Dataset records
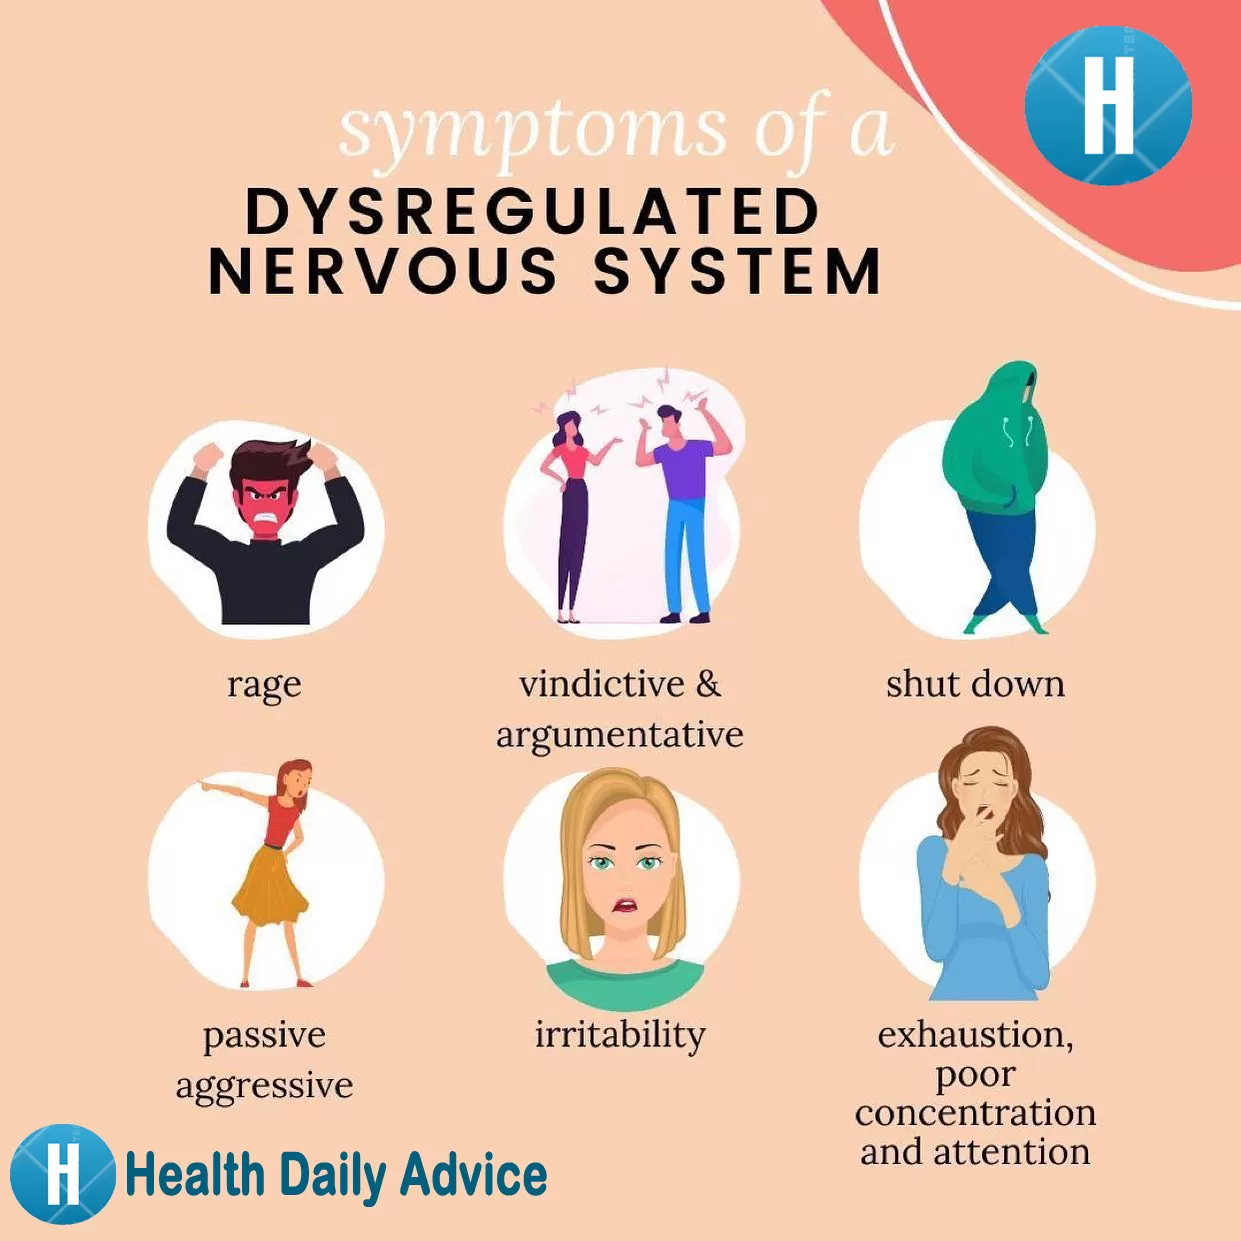 8 Signs of a Dysregulated Nervous System
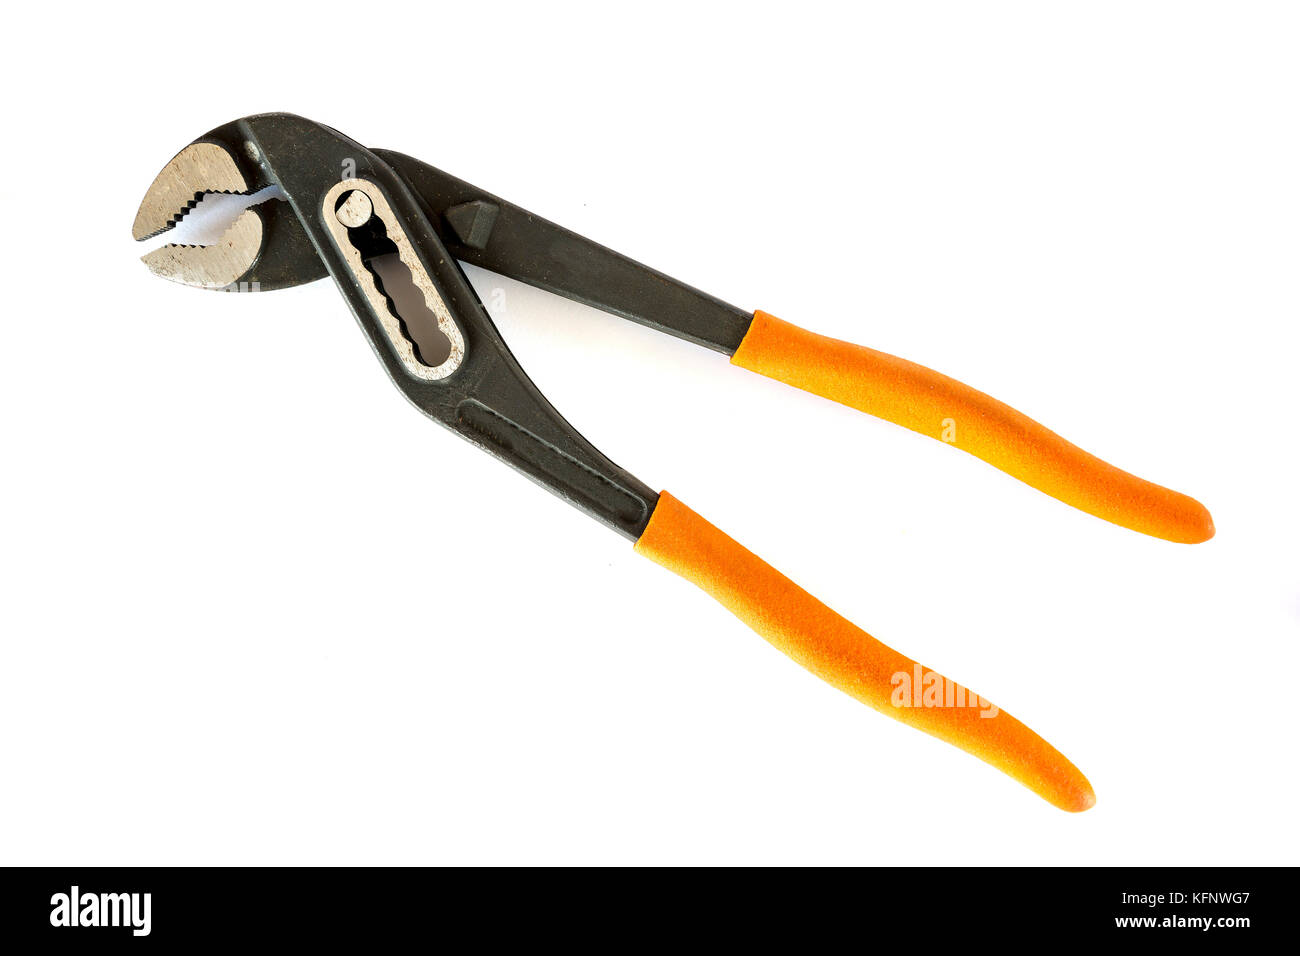 Adjustable pliers isolated on a white background. Studio shot Stock Photo
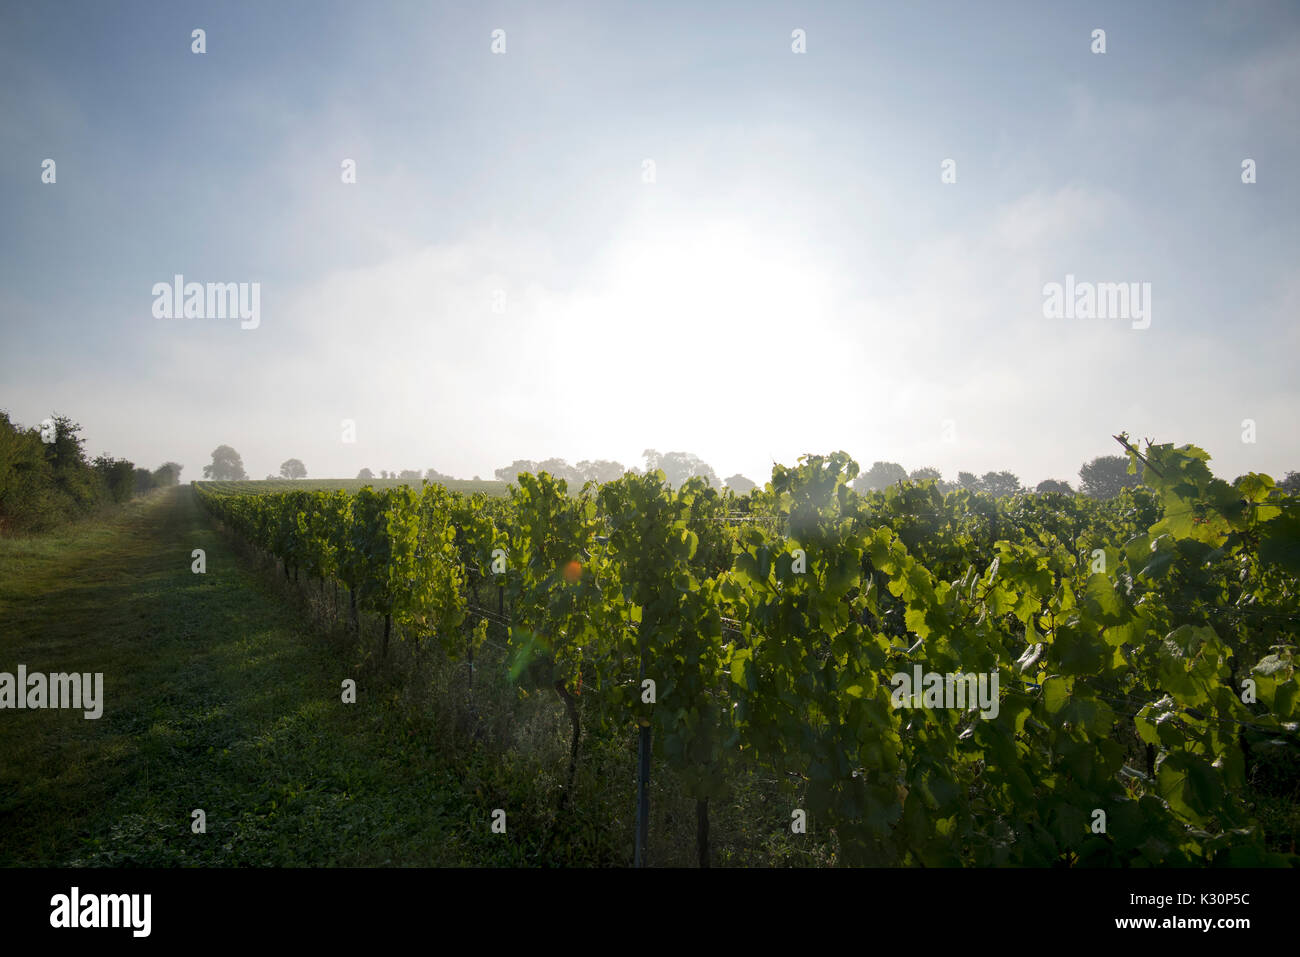 English vine yard, rows of grape vines in early morning mist and low sun, late August as the grapes ripen. Kent, UK Stock Photo
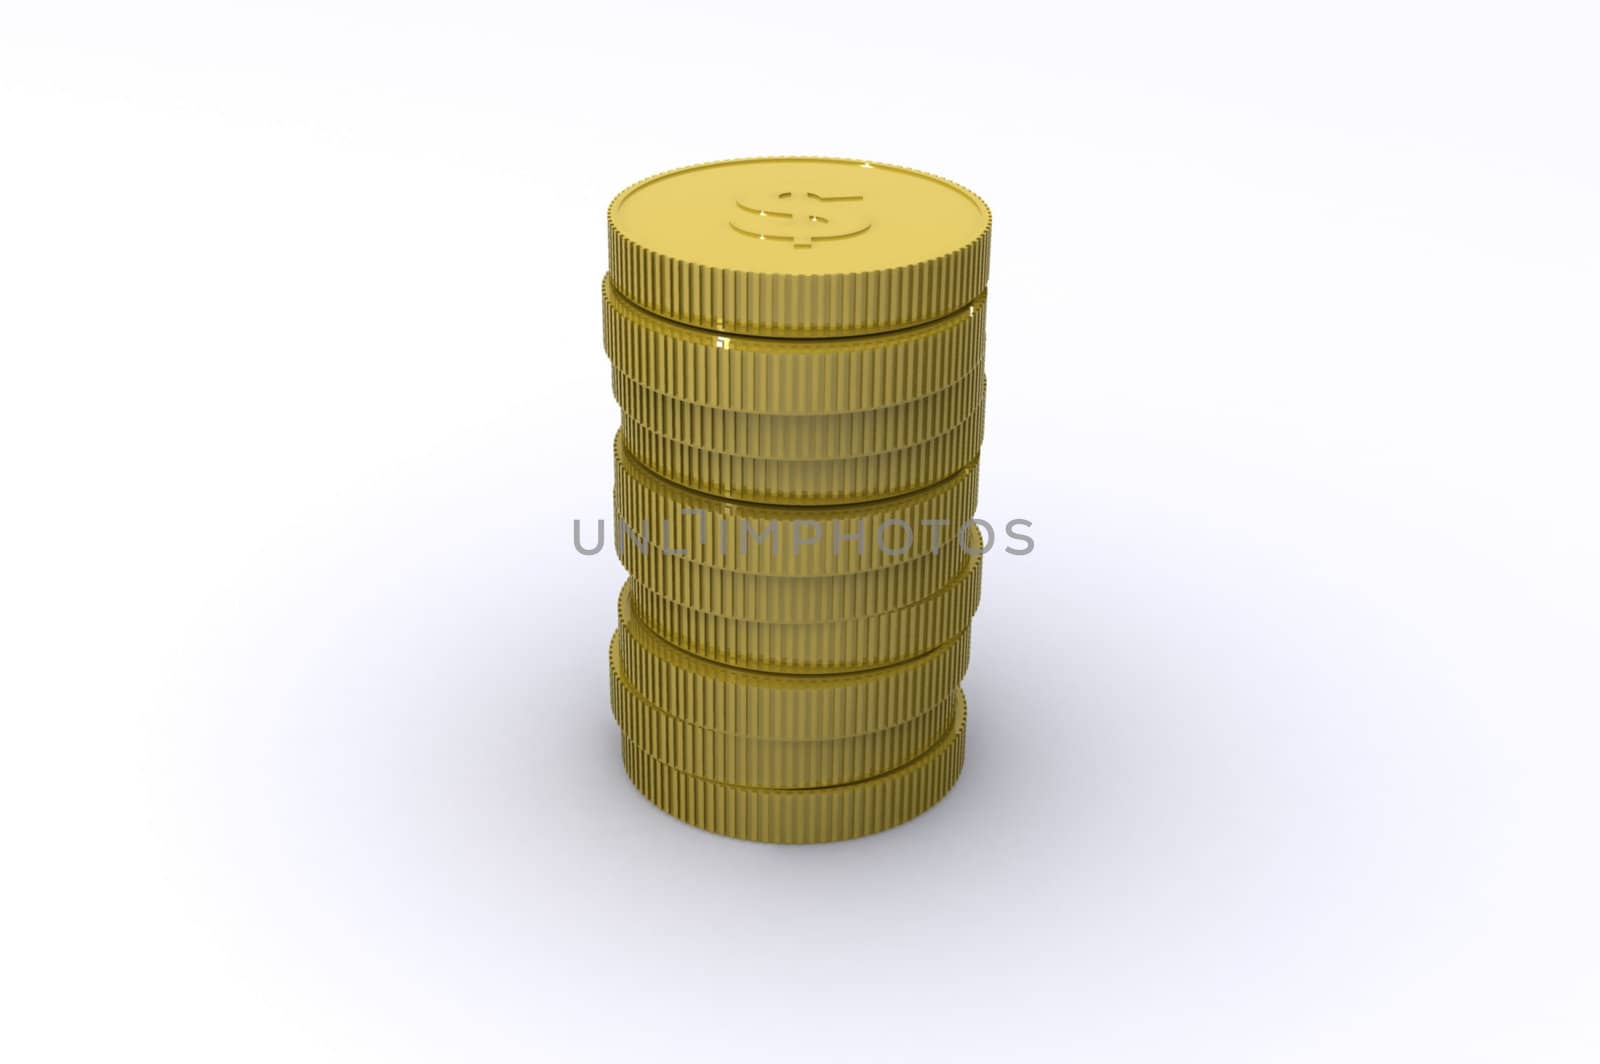 Cents Coin Stack by head-off
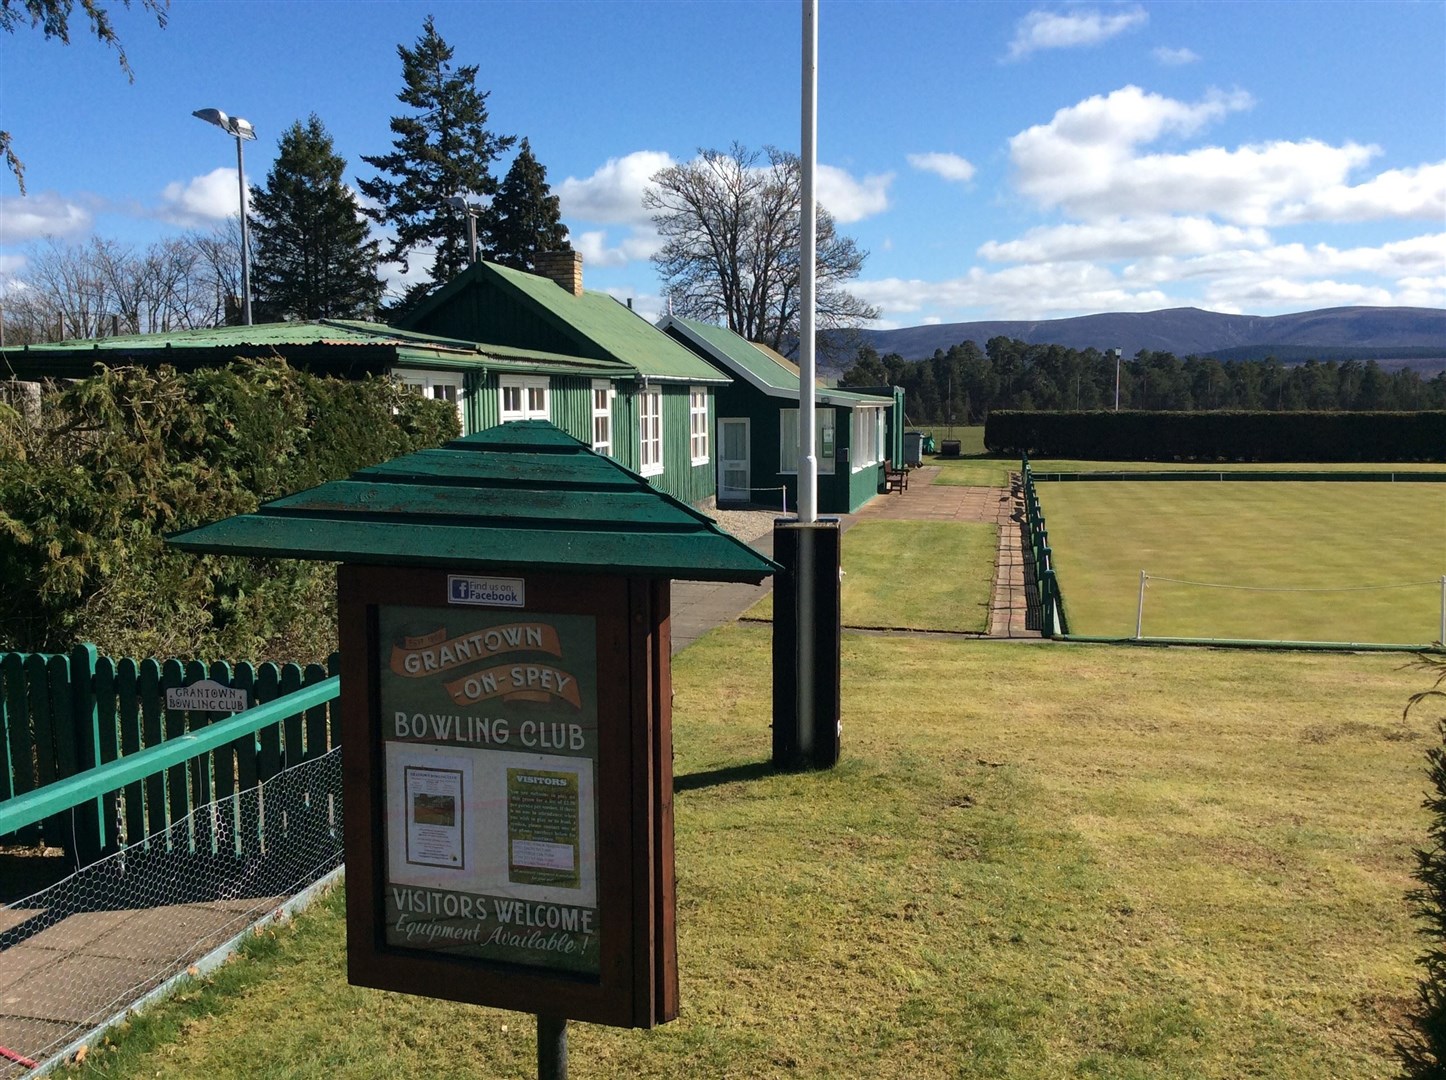 Grantown Bowling Club are facing the prospect of closure.

Work required:
Each entry above is to be written out exactly. The pictures stay out.

Task output:
 8 Signs of a Dysregulated Nervous System
 Adjustable pliers isolated on a white background. Studio shot Stock Photo
 English vine yard, rows of grape vines in early morning mist and low sun, late August as the grapes ripen. Kent, UK Stock Photo
 Cents Coin Stack by head-off
 Grantown Bowling Club are facing the prospect of closure.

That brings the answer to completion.